A couple of meals, and finally I broke down and gave it a bath because I knew no one was going to want a dog that looked this bad.
That night Hubby said I'd just confirmed that THIS dog wasn't leaving.
"If you bathe a dog, we both know it's staying."
"No, he's not staying! Lucky son of a bitch, though, walking up just as we were pulling in."
"And now you've just named him, too."
There was something else, too, I'd felt from the start. A strange sensation that somehow I knew the dog. From . . . somewhere. I pushed it away. I buried it.
I couldn't ignore it any longer a few nights later, when one helluva storm came in. Thunder, lightening, wind and heavy rain. So, I let him in.

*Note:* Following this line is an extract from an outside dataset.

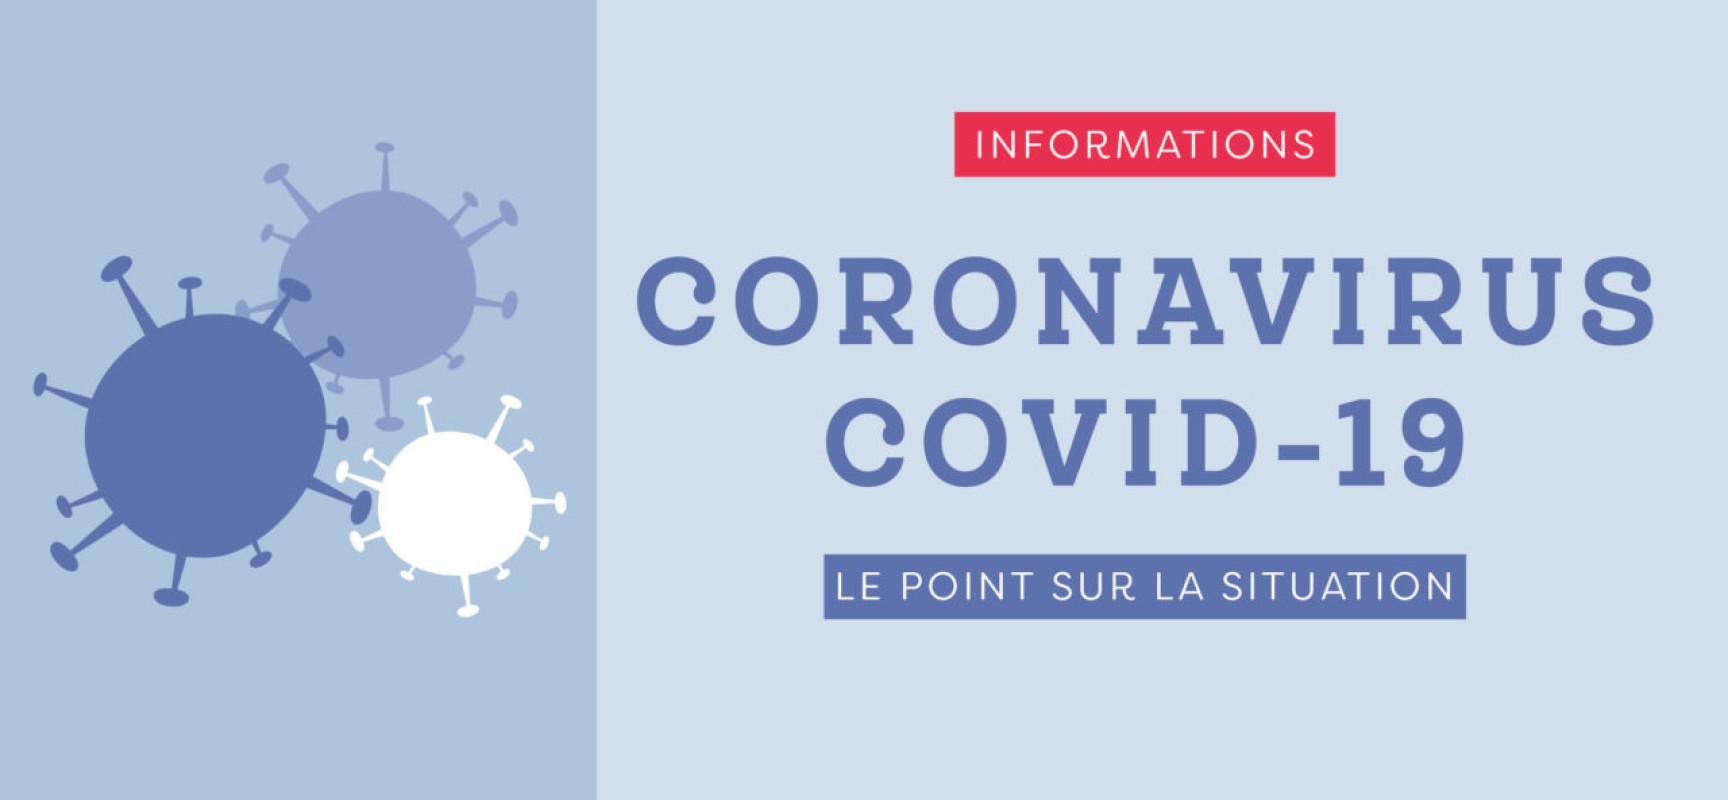 [INFO FLASH] Corona virus Covid19 le point sur la situation en direct – mars 2020

The dog walks right over to where Satan's bowls had been for so many years until six months before, and stares at the empty space. Then he looks at me, then back to where the bowls used to be.
Nah! That's crazy and I'm not.
Except when I went to bed that night, Lucky put his head along side my pillow for a minute . . . the way Satan had always done, just before he curled up and went to sleep in the corner Satan had always slept in.
He also knew every single one of Satan's tricks, answering my oddball voice commands and hand signals without hesitation.
Okay, maybe I am crazy. If I am, fine. So is Hubby.
About two weeks after Lucky showed up, Hubby grabbed his face and went eye to eye with him:
"You couldn't stand being gone, could you. You came back."
Do dog's souls wander around waiting to come back to the people they love? I don't know, but I think so although not in all cases.
From whatever the other side is, some recognize that the hole they left in their person's heart hasn't been healed by time. That while they were here, they were able to help their person through rough times, and seeing the rough times they're facing now they know THEY aren't there anymore to help the way they used to.
So, they either come back in another form . . . or grab "someone" already here and say, "Yo! Over there. Yeah, THAT person. This is everything you need to know."